Plasmid construction.

The yeast two-hybrid bait plasmid pBD-P58^IPK encodes BD-fused full length human P58^IPK (49), as described previously (31). Plasmid pAD-P52 harbors the P52^rIPK cDNA in the yeast two-hybrid library plasmid pGADGH. To facilitate P52^rIPK cDNA probe production and in vitro transcription reactions, the 1.5-kb P52^rIPK cDNA insert was excised from pAD-P52 as an EcoRI fragment and cloned into the EcoRI site of pBSK (Stratagene) to yield pBSK-P52. pCDNA1neo-P58^IPK and pGex2T-P58^IPK encode full-length P58^IPK alone or as a glutathione S-transferase (GST) fusion protein, respectively (54). pGST-P52 encodes full-length P52^rIPK fused to the C-terminus of GST and was constructed by inserting the 1.5-kb EcoRI fragment from pAD-P52 into the EcoRI site of pGex4T-3 (Pharmacia). The yeast expression plasmid pYex-P58^IPK was produced by inserting the EcoRV/XbaI fragment from pCDNA1neo-P58^IPK into the galactose-inducible URA3 2μm yeast expression plasmid pEMBLYex4 (11). pYex-PKR Δ295–300 encodes a PKR deletion mutant lacking amino acids (aa) 295 to 300 cloned into pEMBLYex4 (74). For expression of P52^rIPK in yeast, the P52^rIPK coding region was amplified from pAD-P52 by PCR with the oligonucleotide primer pair 5′TTAGAATTCATGCCGAACTTCTGCGCTG (sense primer; the EcoRI site is underlined) and 5′GCGCCCGGGATTTCATTTTTAAGAACAACA (antisense primer; the SmaI site is underlined), encoding P52^rIPK nucleotides (nt) 1 to 19 and 1479 to 1500, respectively. PCR products were cleaved with EcoRI and SmaI and cloned into the corresponding restriction sites of the galactose-inducible TRP1 2μm yeast expression plasmid pYX233 (Novagen) to yield pYX-P52.
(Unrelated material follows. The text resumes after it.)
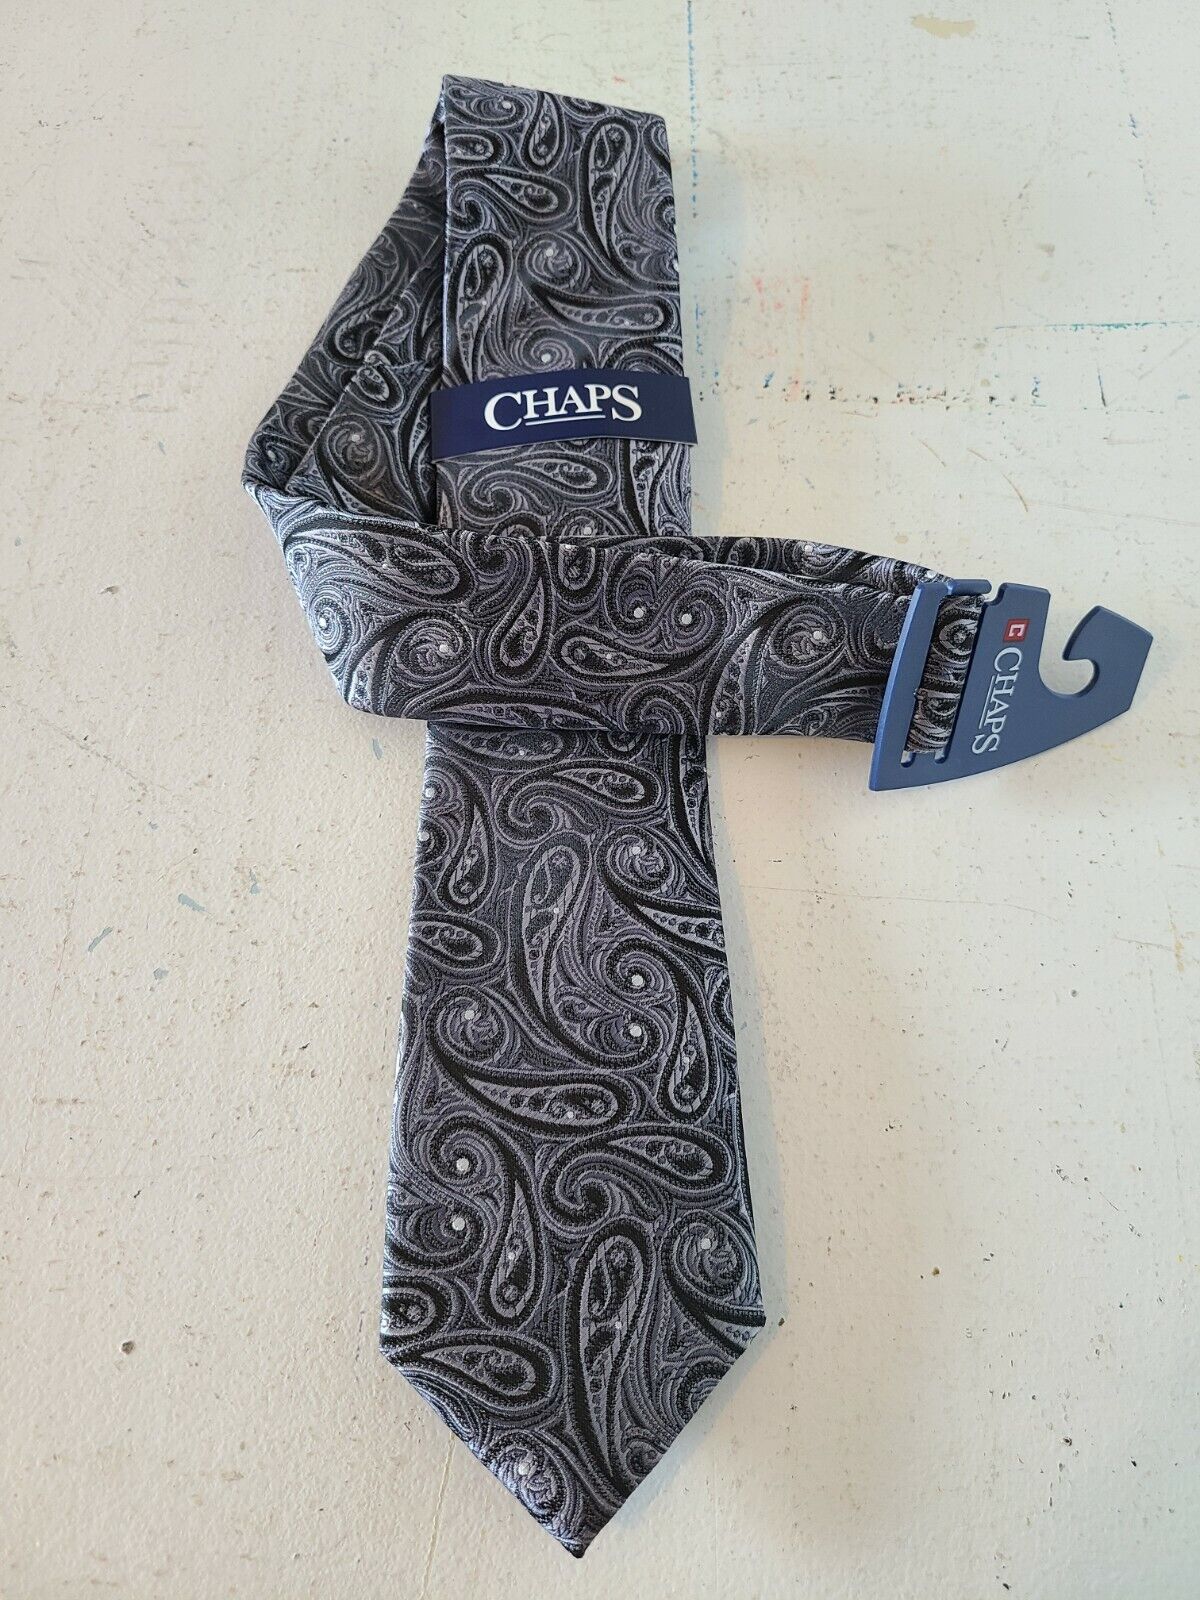 New Chaps Ralph Lauren Tie Black Gray Luxury Paisley Woven Designer Jacquard Men
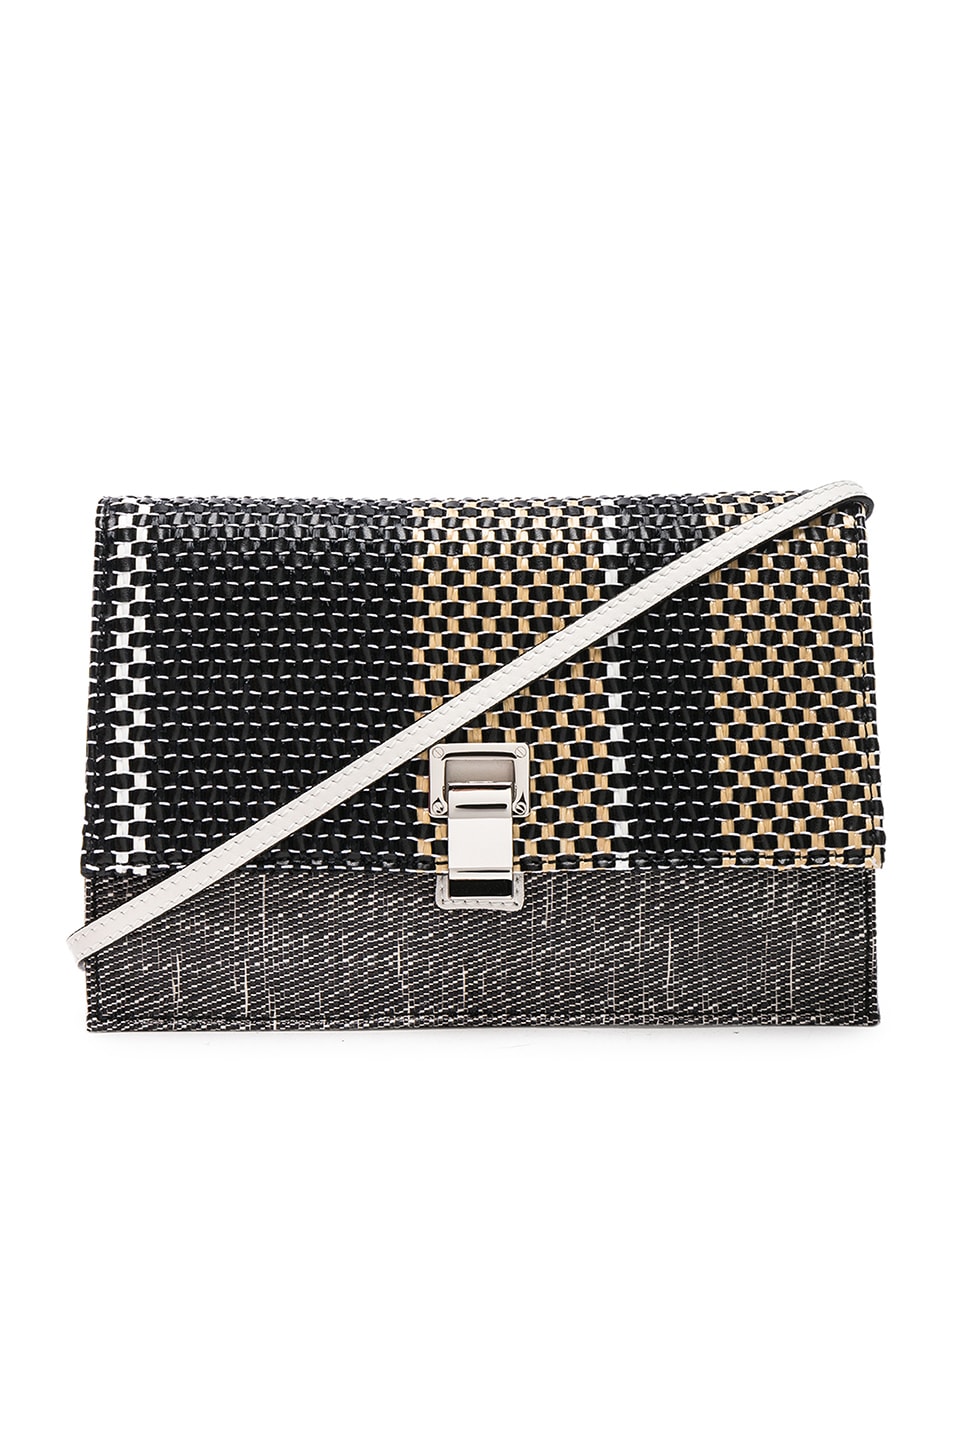 Image 1 of Proenza Schouler Small Knit Stripe Lunch Bag in Black, White & Ecru

Recombinant protein expression and generation of antiserum to P52^rIPK.

For production of GST or GST fusion proteins, overnight 50-ml cultures of bacteria harboring pGex2T (80), pGex2T-P58^IPK (54), or pGST-P52 were split to an optical density at 600 nm of 0.1 and grown for 1 h at 37°C. After the addition of 1 mM isopropylthiogalactopyranoside, cultures were grown for a further 3 h at 30°C and harvested by centrifugation. Production of protein extracts and purification of GST or GST fusion proteins were carried out essentially as described previously (80).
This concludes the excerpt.